No setor de biotecnologia, o cenário promete ser diferente. A atratividade é maior – as barreiras de entrada e saída são maiores (no mínimo, você precisa ter um laboratório instalado, é necessário um conhecimento maior para entrar no setor). Com isso, os investimentos tendem a ser mais robustos e os negócios mais maduros.
3) Importância da evolução conceitual – A área de biotecnologia não chegou ao ponto atual à toa. Antes houve uma evolução conceitual muito grande no setor, principalmente depois do Projeto Genoma, de sequenciamento de DNA. Essa evolução é comparável à que sistemas de informação sofreram nos anos 50 a partir da adequação da heurística à inteligência artificial, dando origem aos “sistemas inteligentes ou especialistas”.
A revolução da biotecnologia é um exemplo do quanto é relevante a evolução conceitual de um setor (geralmente resultado da união entre academia e mercado). Geração de empregos e novos campos de atuação é o que surge depois de um setor sofrer um avanço de conceitos. Um setor que somente faz e não pensa fica estagnado.

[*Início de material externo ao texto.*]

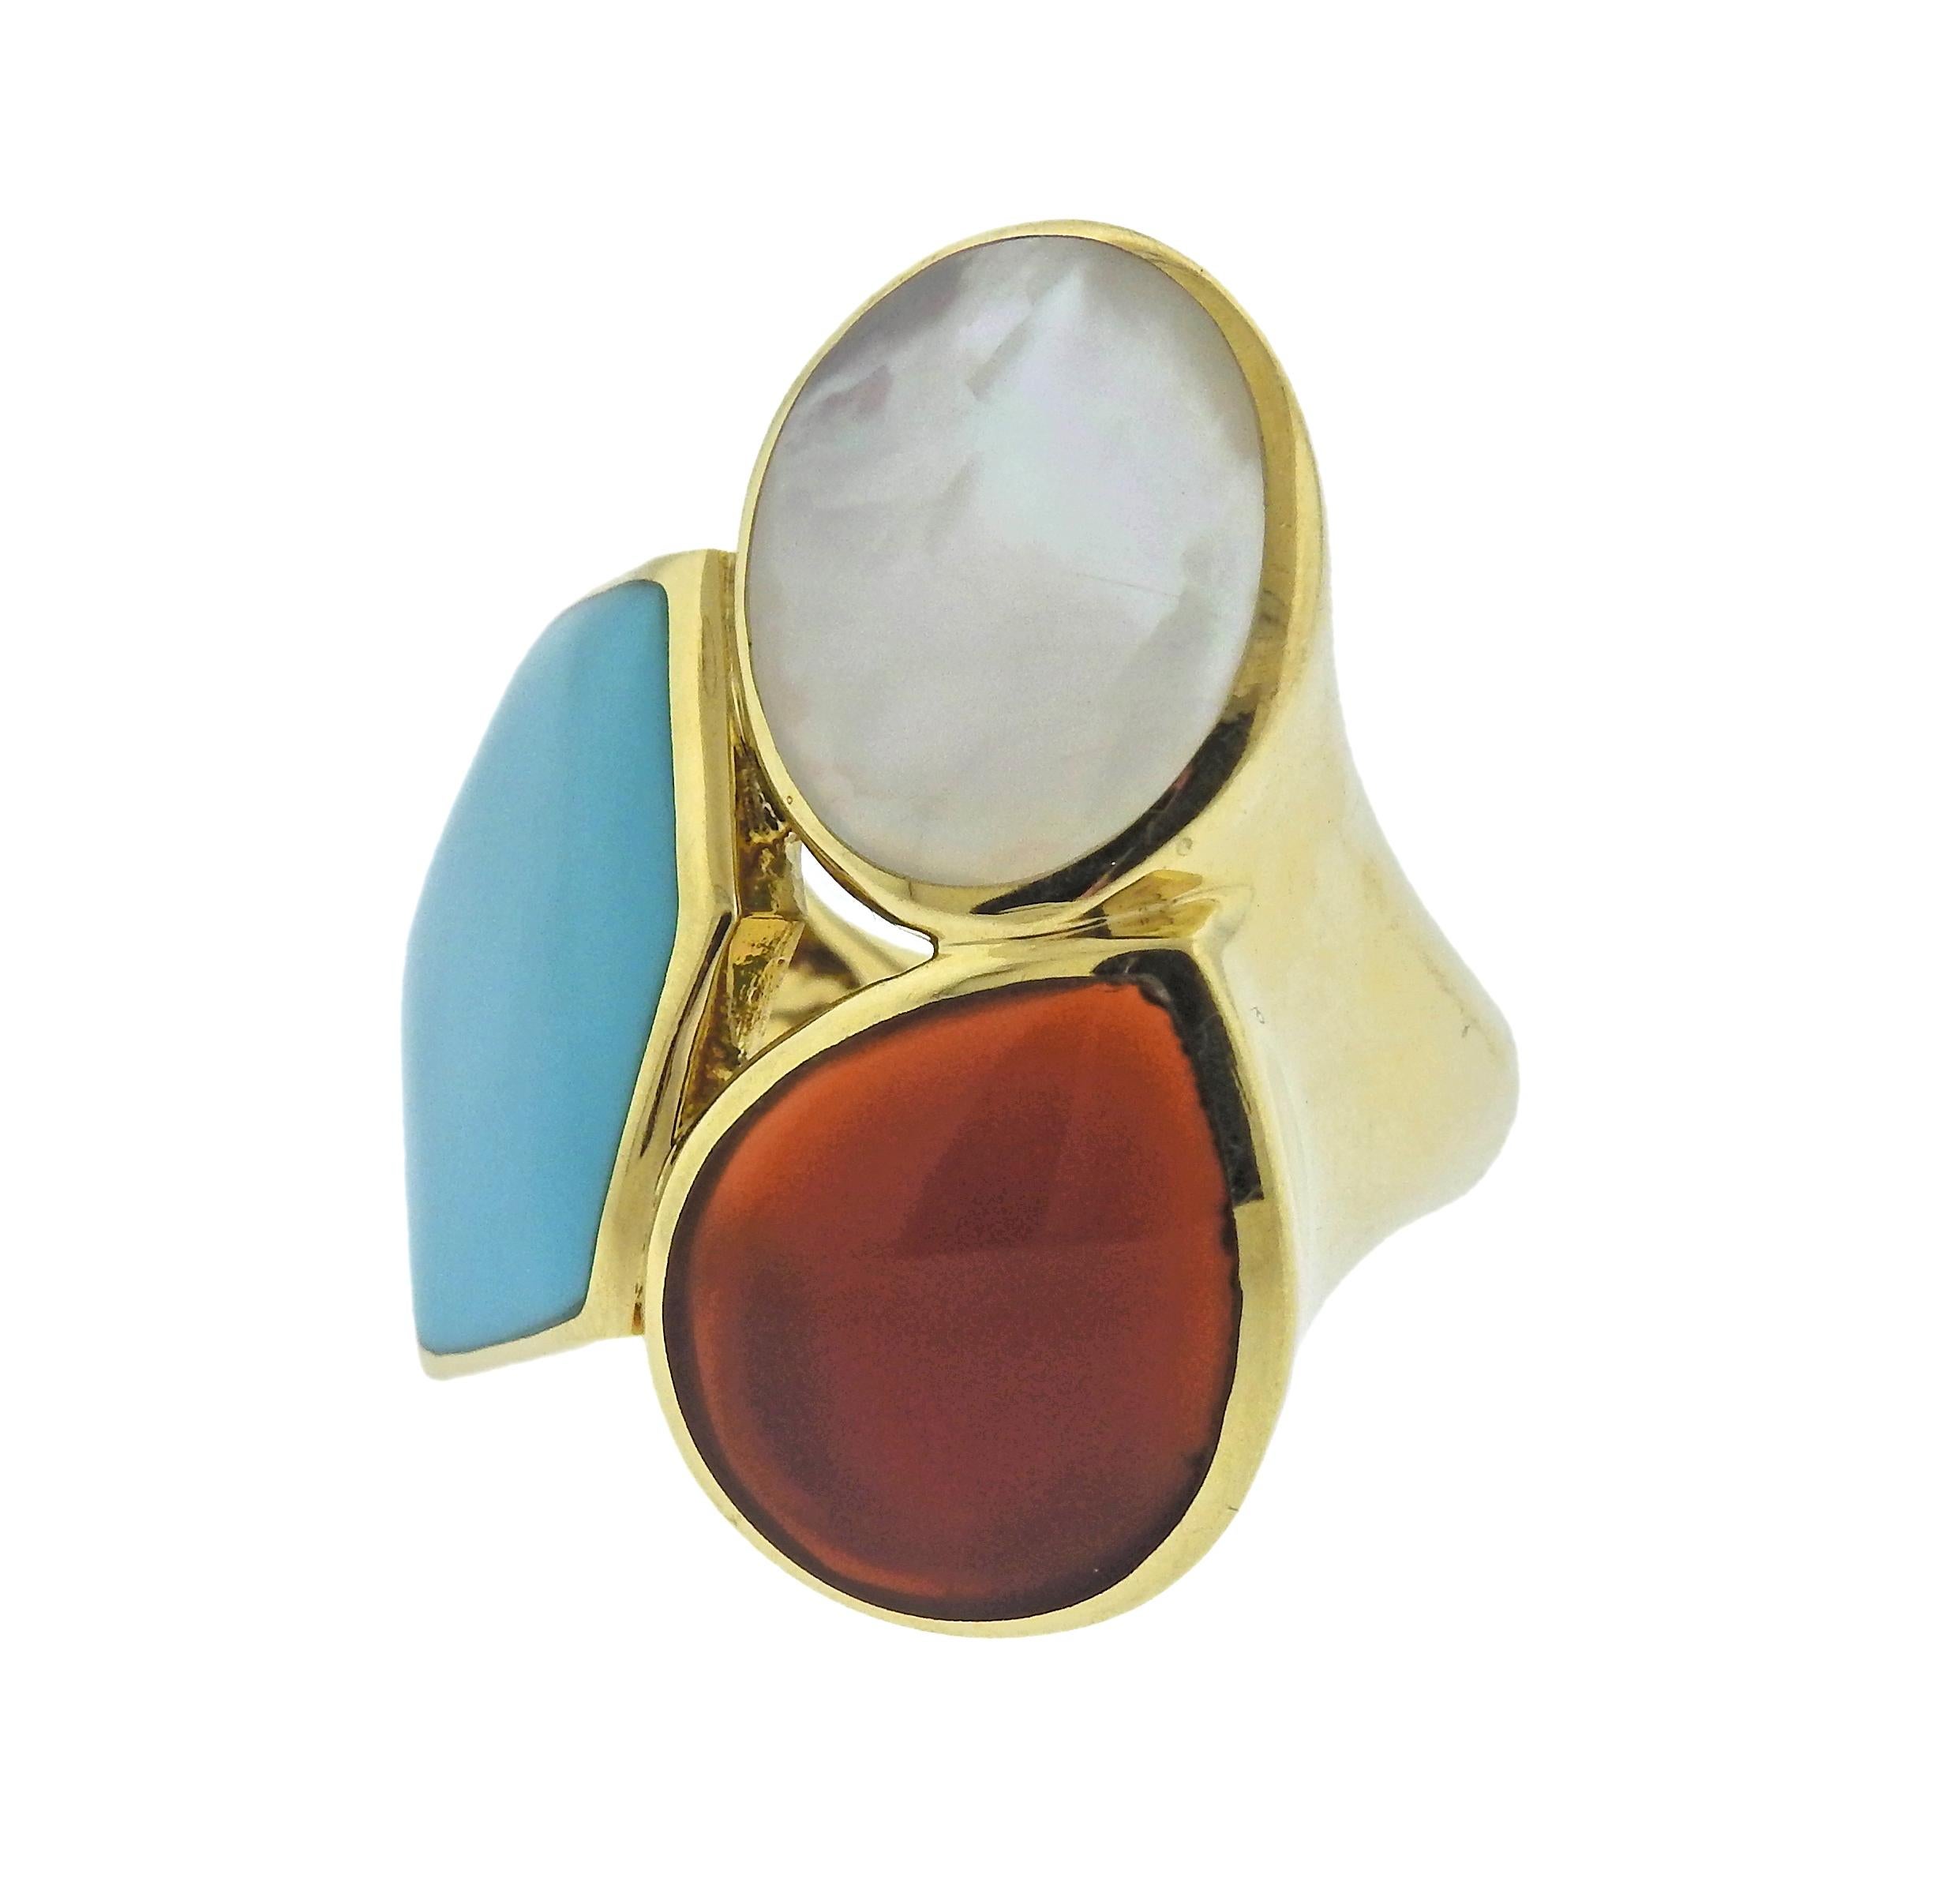 18k gold multi gemstone ring by Ippolita, set with turquoise, carnelian and mother of pearl. Ring size 7 1/4, ring top - 33mm x 32mm, weighs 20.1 grams. Marked Ippolita and 18k. Retail $3995. Come with Pouch.
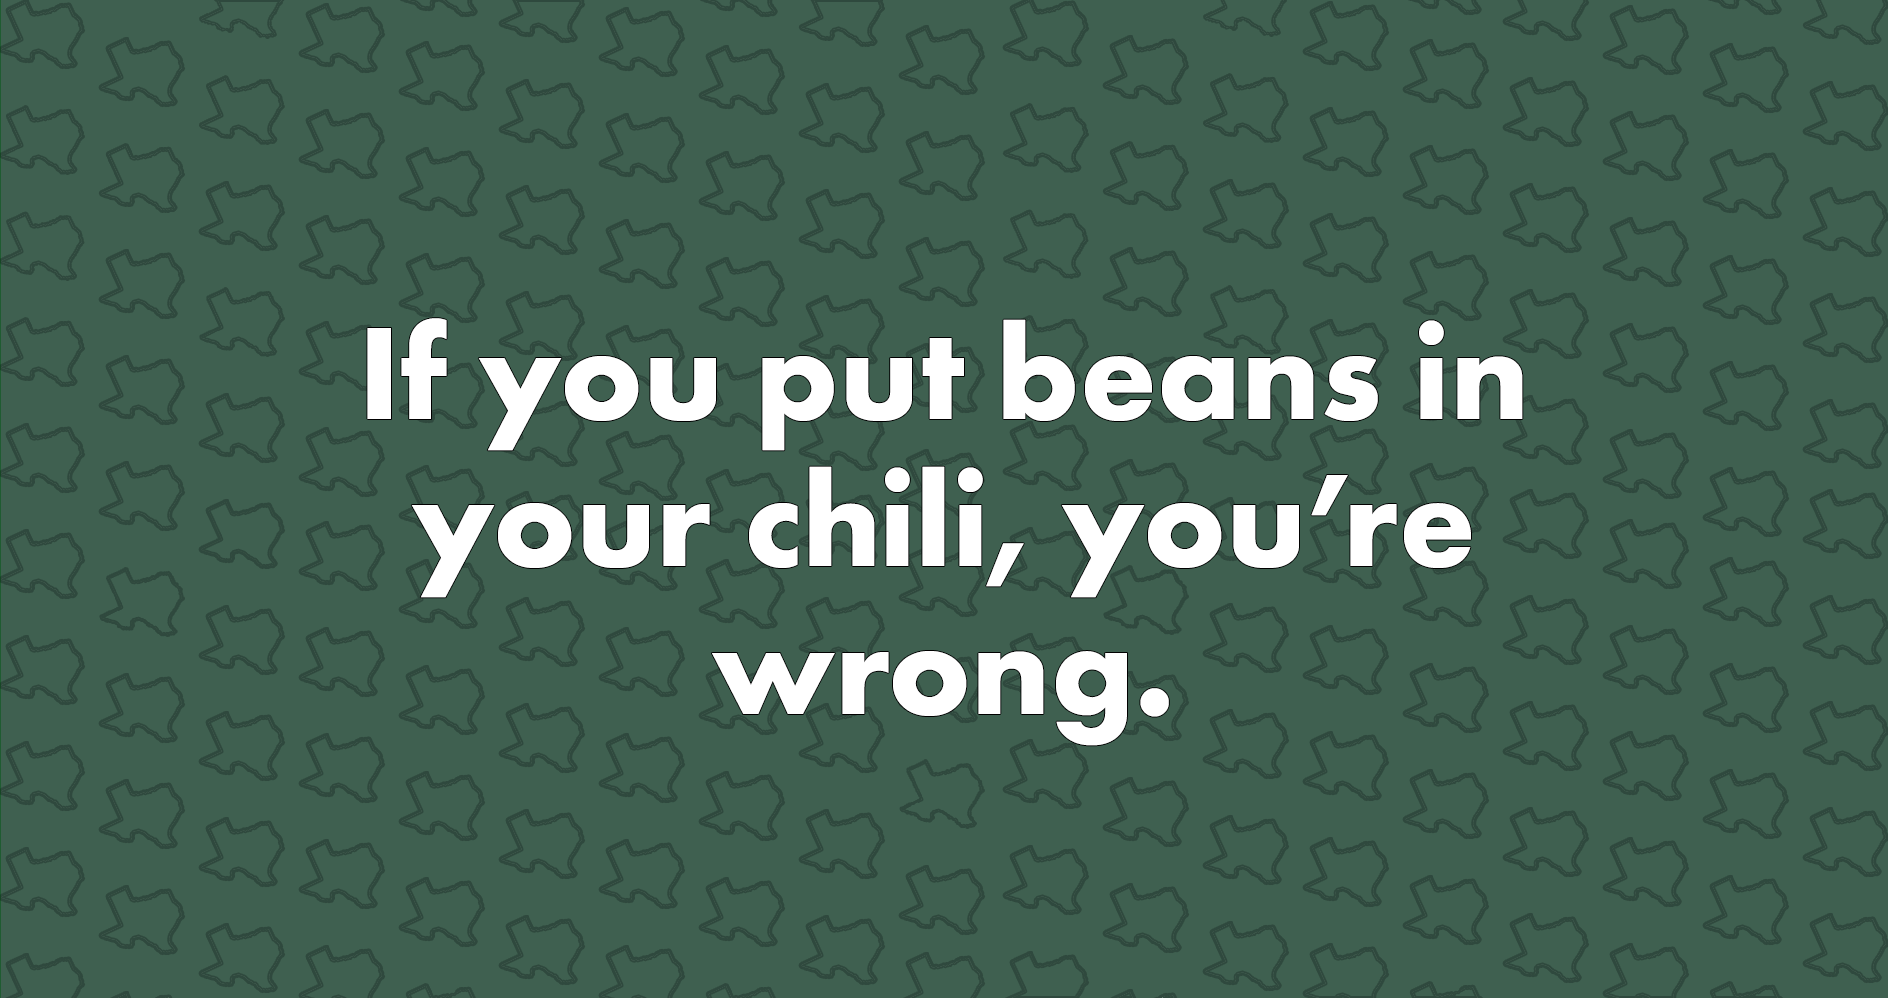 If you put beans in your chili, you're wrong

4) Digital afetando tudo que é ligado a informação – O crescimento da inovação e da disrupção no campo da biotecnologia é uma amostra de que o processo de digitalização e os últimos avanços do setor de tecnologia de informação, afetaram não somente as áreas de jornalismo, publicidade e entretenimento, mas sim tudo que é ligado à informação. O DNA, base da atual revolução que acontece na biotecnologia, nada mais é do que um pedaço de informação, que após ser digitalizado, pode ser “hackeado” e mesclado a diversos outros dados e outros fragmentos de informação.
Células do corpo humano, por sua vez, processam informações semelhante a um computador. Informações químicas, claro, mas que não deixam de ser, pura e simplesmente, informação. No final, estamos falando de informações e dados que se tornaram digitais.
5) Possibilidade de mudar radicalmente a vida das pessoas – Esse é um dos pontos mais interessantes. Os últimos avanços na biotecnologia prometem afetar radicalmente a vida das pessoas não somente por transformar doenças que eram mortais em crônicas, mas por colocar mais poder nas mãos de pacientes e médicos.
Alguns desses avanços começam a dar os primeiros resultados. Recentemente, o Hospital Infantil de Boston conseguiu fazer com que o coração de uma criança se autoconstruísse, mesmo após o órgão nascer incompleto. A instituição vem fazendo testes com nano-robôs para reconstruir corações.
Uma notícia recente e extremamente importante no setor de tecnologia passou despercebida. Foi anunciada uma nova tecnologia de DNA capaz de proporcionar o combate personalizado ao câncer, prolongando, desse modo, o tempo de vida das pessoas afetadas pela doença.
Imagine como isso afetará direta e indiretamente diversas pessoas. Quase todo mundo da geração atual tem um parente ou conhecido que faleceu devido ao câncer.
Por essas e outras, vale olhar com mais atenção para o setor de biotecnologia.
No Brasil, ainda é incipiente. Mas no exterior, já existem veículos de mídia cobrindo muito bem o setor e de forma profissional. Você não precisa necessariamente ser um biólogo ou cientista para explorar o setor. O campo da biotecnologia está abrindo espaço para muitas coisas, algumas delas bem simples, como aplicativos de celular que medem as batidas do coração e se conectam a base de dados, perfeito como prevenção para pessoas que sofrem de problemas cardíacos.
A exemplo do que fizeram com a internet (a suposta Geração Y), fico imaginando como irão chamar essa geração que crescerá com os avanços na biotecnologia. Geração biotech? Não importa. O que interessa é que nos foi dada, uma vez mais, a chance de mudar radicalmente a vida das pessoas, e para melhor.